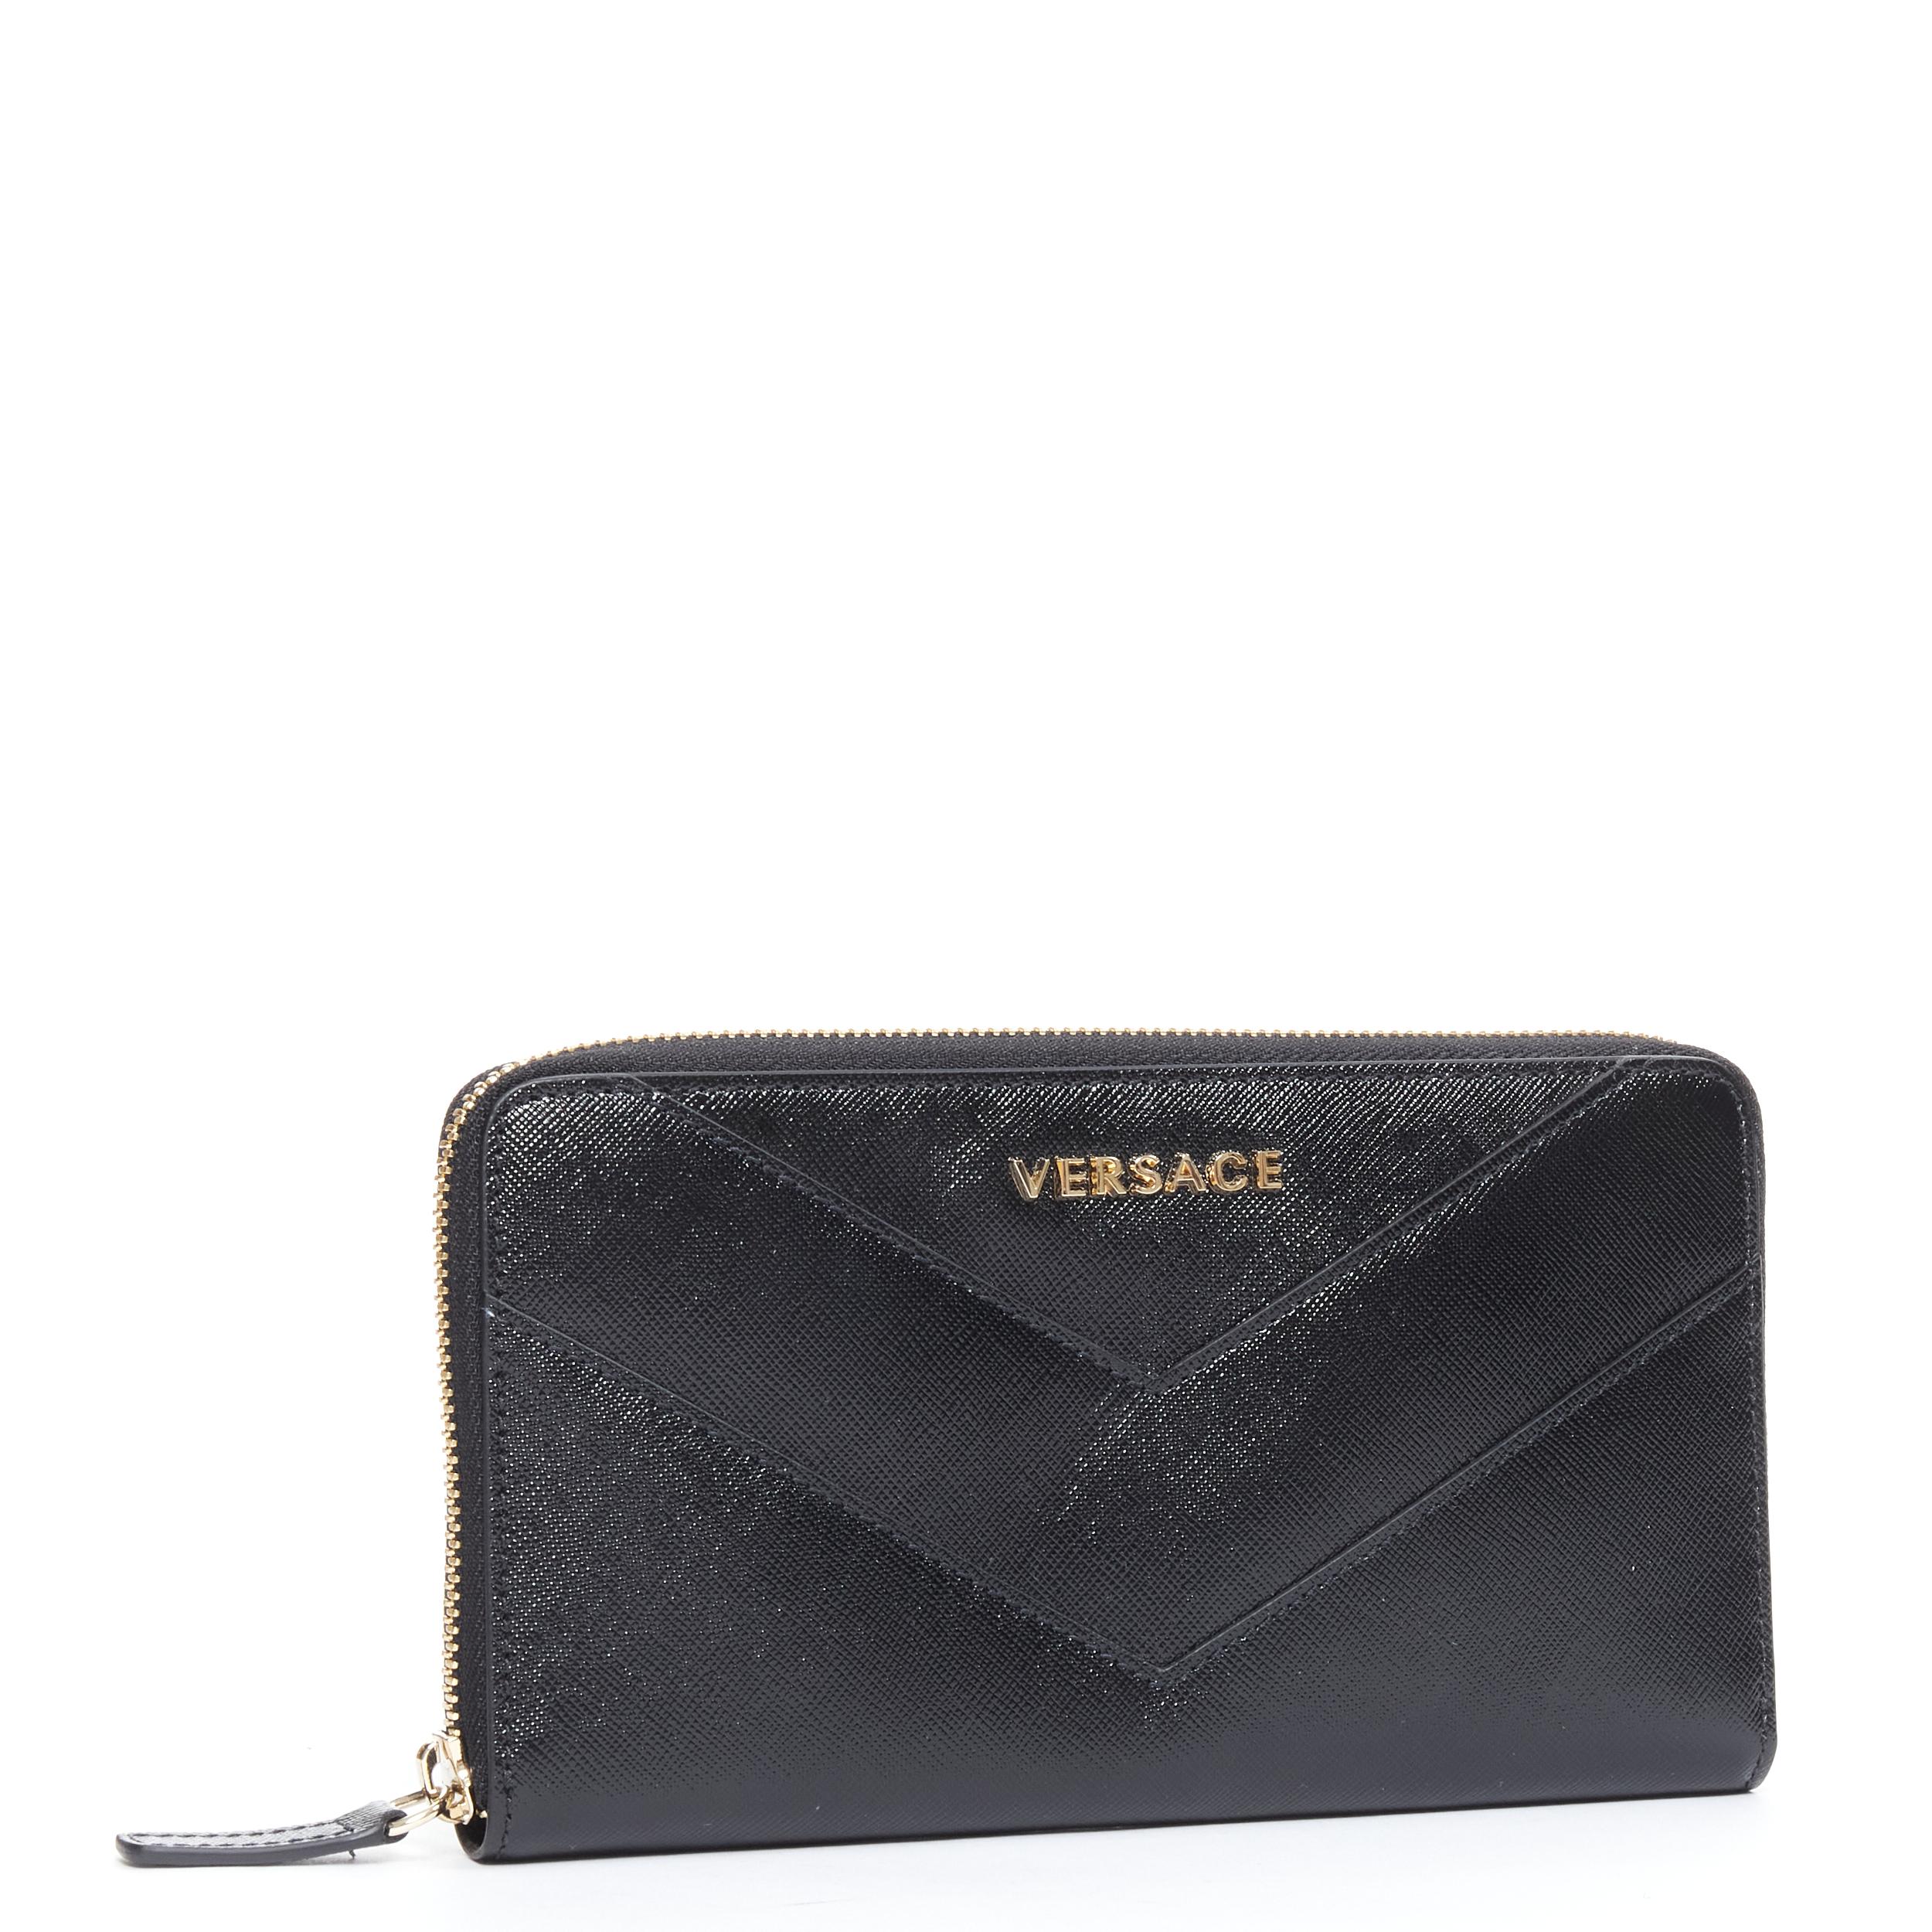 new VERSACE black saffiano leather gold logo V stitch continental long wallet 
Reference: TGAS/B01476 
Brand: Versace 
Designer: Donatella Versace 
Material: Leather 
Color: Black 
Pattern: Solid 
Closure: Zip 
Extra Detail: Black saffiano leather.
_ _ _ _
Repeat, word for word, every line from the line that contains "Designer: Donatella Versace" to the end of the entries; include both of those lines and no others.

- _RESULT FOR THIS TASK_
Designer: Donatella Versace 
Material: Leather 
Color: Black 
Pattern: Solid 
Closure: Zip 
Extra Detail: Black saffiano leather.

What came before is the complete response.